I bought the C4U 3x3x7 off PopBuying and received it on Monday. I assembled it (annoying times :fp), stickered it (Sticker applicator ftw!) and scrambled it right away.

As for all my new puzzles, I try to solve them without watching a tutorial or nothing. I just experiment and use what I already know.

I was not able to get far in the solve, at all. I had a breakthrough yesterday  and I've been able to get very far into the solve.

Now, from bottom to top I have the first 5 layers totally solved. On the sixth one I have *2 adjacent edge pieces swapped*. On the last layer, I have an *N-perm*.

Q1 : Is it some kind of parity that I will not be able to solve without ****ing the cube up?

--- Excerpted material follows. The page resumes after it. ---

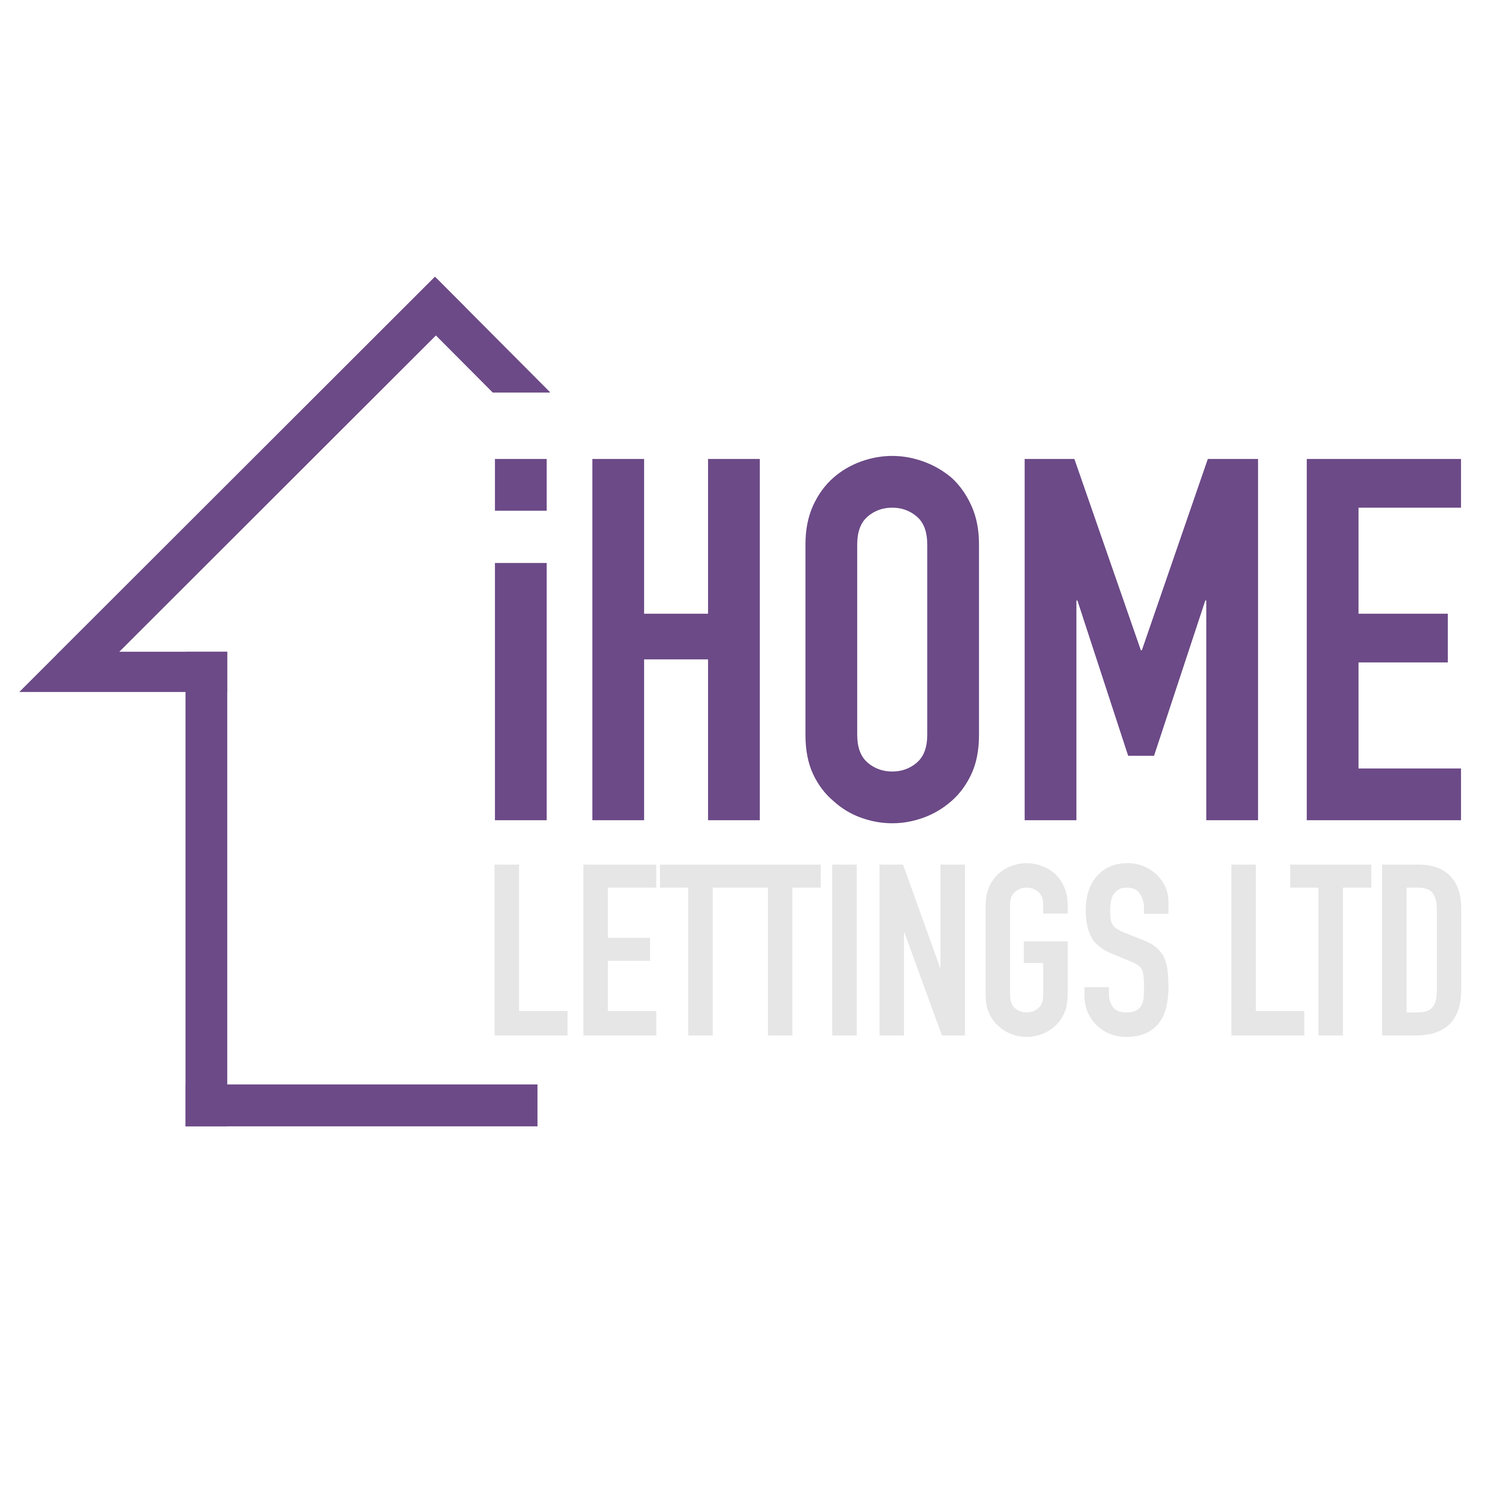 iHome Lettings Ltd
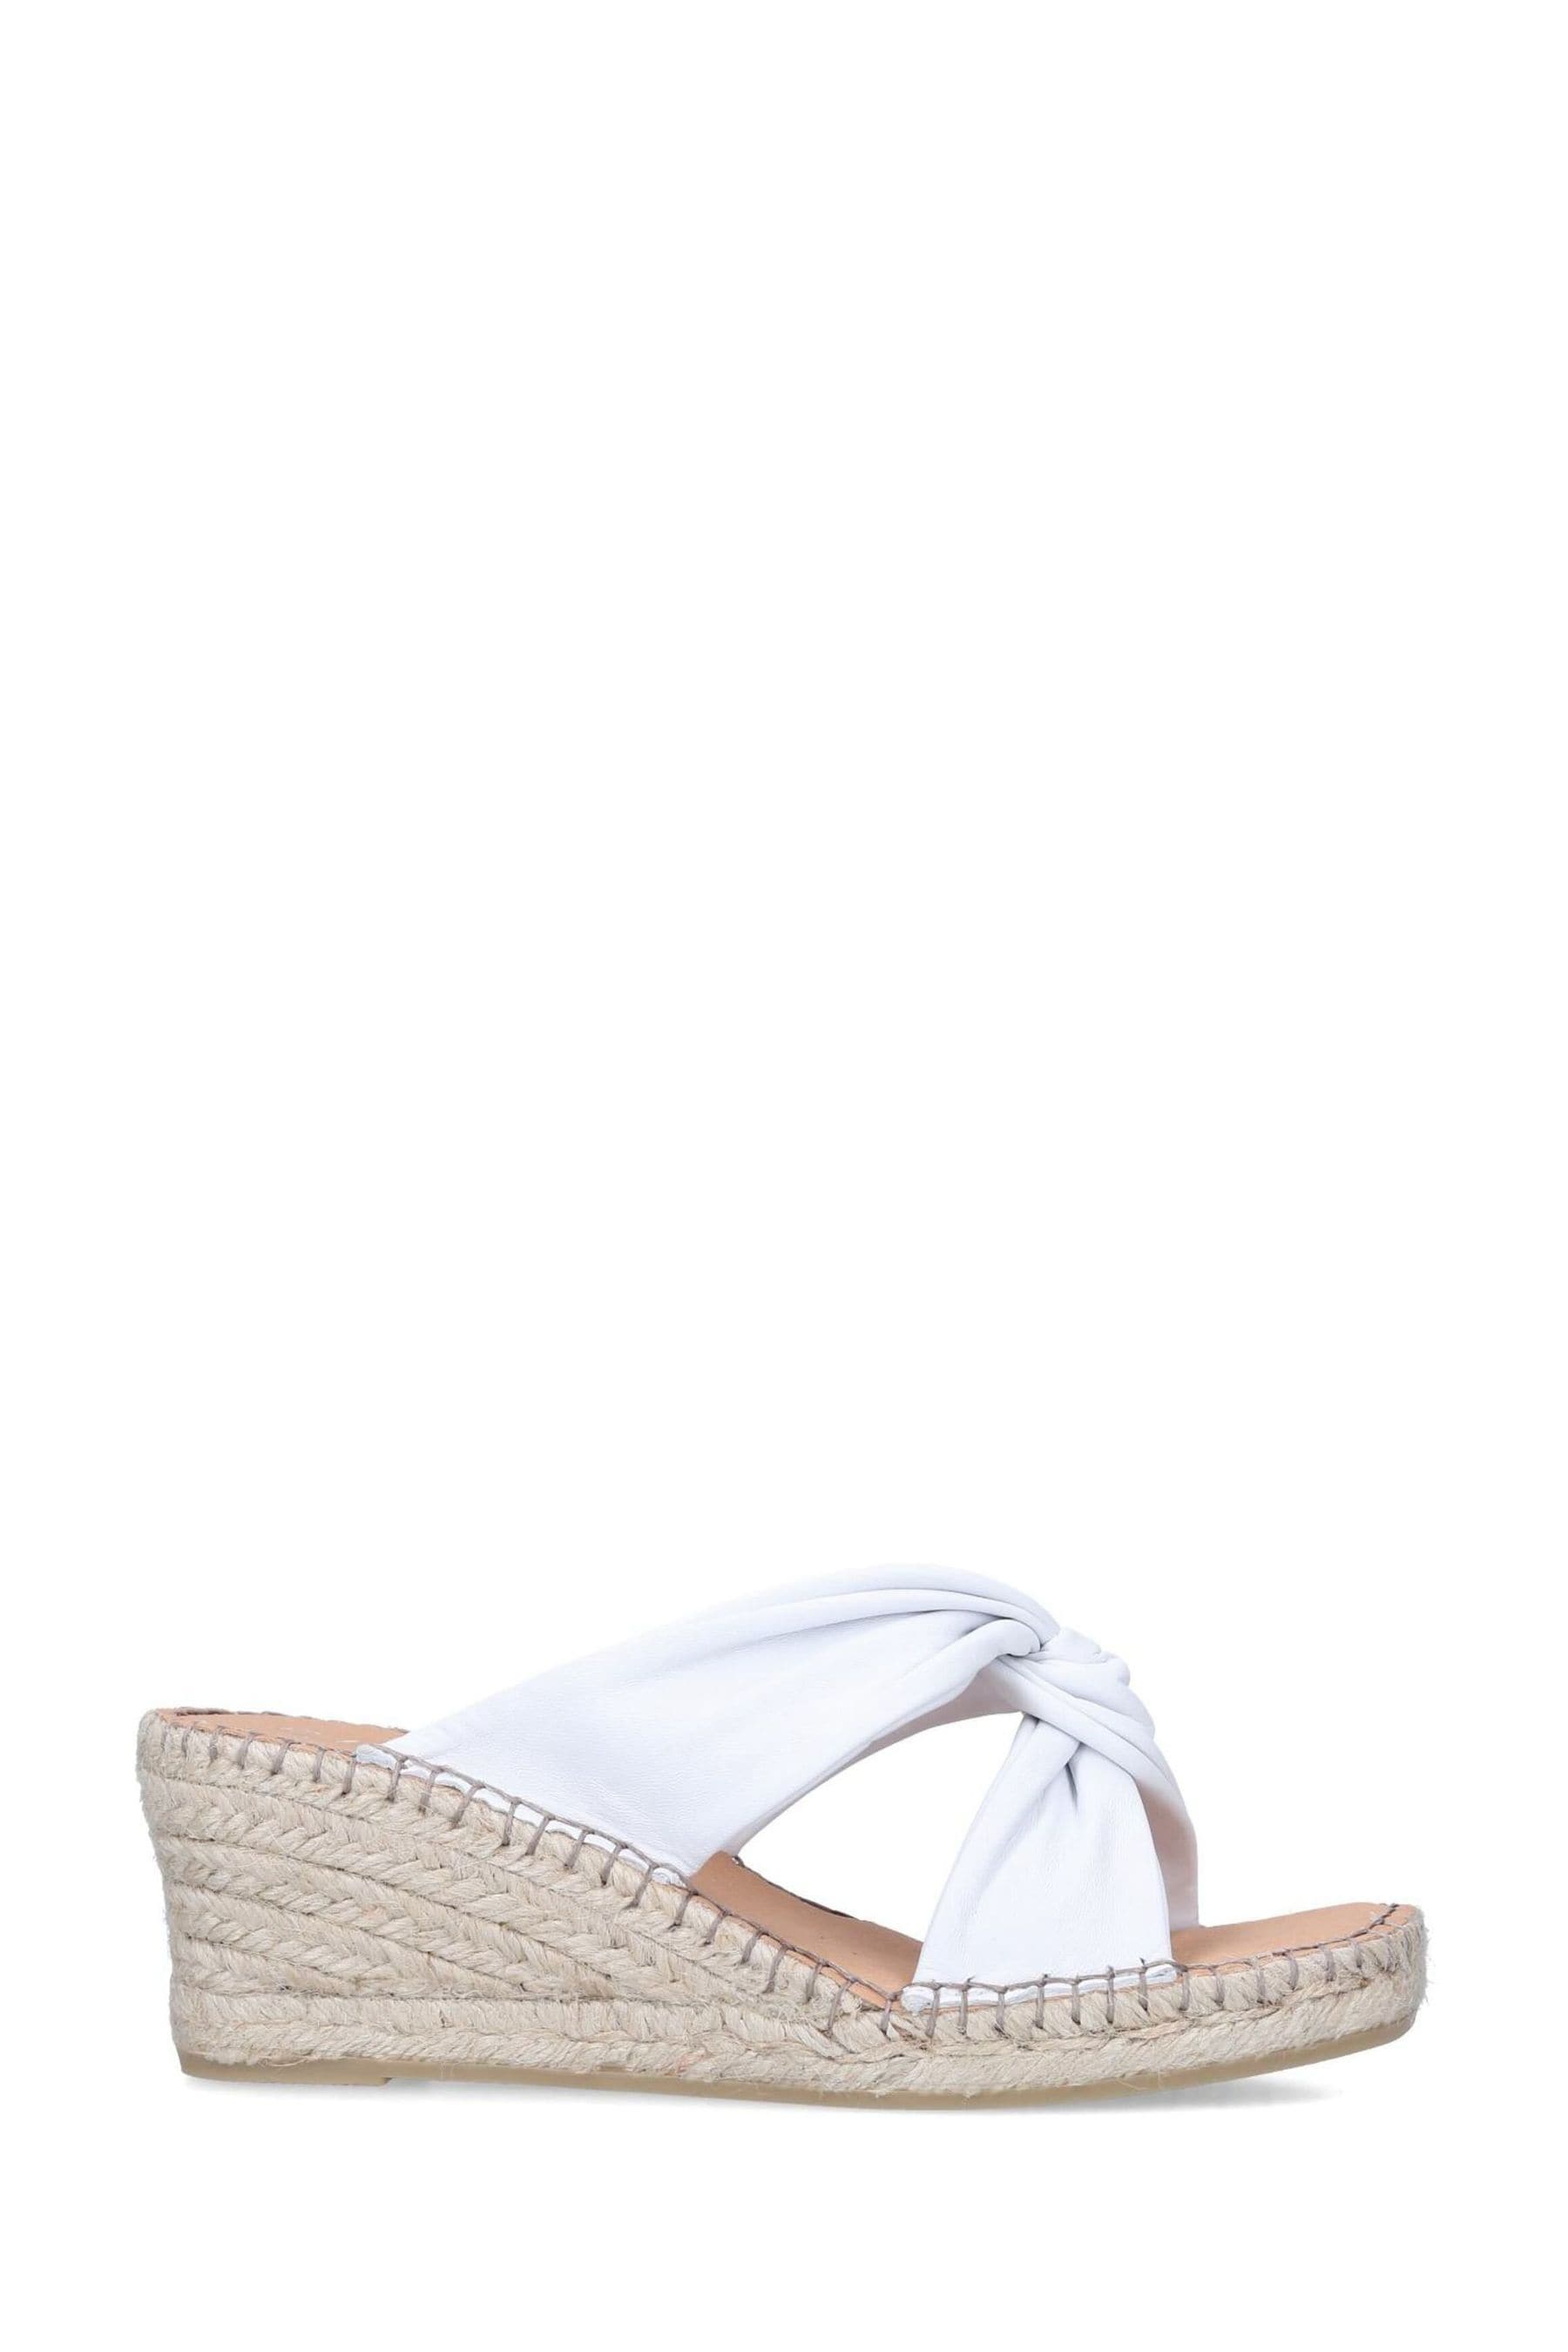 Buy Carvela Comfort White Twist Sandals from the Next UK online shop

Q2 : Is it good to be able to get there without any tutorial?


----------



## vcuber13 (May 7, 2010)

I would solve the the rest like a domino cube.


----------



## DaijoCube (May 7, 2010)

I have no clue how to solve a Domino Cube


----------



## riffz (May 7, 2010)

Of course its good to solve it without a tutorial first. Why wouldn't it be? 

And I have no idea about parity because I don't own one.


----------



## Kirjava (May 7, 2010)

DaijoCube said:


> On the sixth one I have *2 adjacent edge pieces swapped*.




I found that the fastest way to do this on the 3x3x5 is with two TPerms.

If you don't quite get me, watch the video on my youtube channel.


----------



## DaijoCube (May 7, 2010)

Mhhh, thanks for the advice! I won't watch your vid though, I wanna be legit on my first solve.


----------



## DaijoCube (May 7, 2010)

No more advice?


----------



## Kirjava (May 7, 2010)

watch the video


----------



## jms_gears1 (May 7, 2010)

Kirjava said:


> watch the video



this. Its not a tut just solves.


----------



## DaijoCube (May 8, 2010)

OMG. I just need to see ONE thing that was sooooo obvious. I never thought about holding the cube to the side. I was always leaving the middle full bar parallel to the ground...

When I say you solving ''on the side'', I understood every single thing


----------



## DaijoCube (May 8, 2010)

Mhhh.... I played with it a bit. Solved the 2 swapped edges, but when trying to solve the N-perm that was ONLY on the very top layer, I got to this situation...

:fp


----------



## Kirjava (May 9, 2010)

Sorry, I can't tell you how to do it without telling you how to do it. If you want to do it intuitively you're on your own from here.

Just look what I'd do in that situation ^_^


----------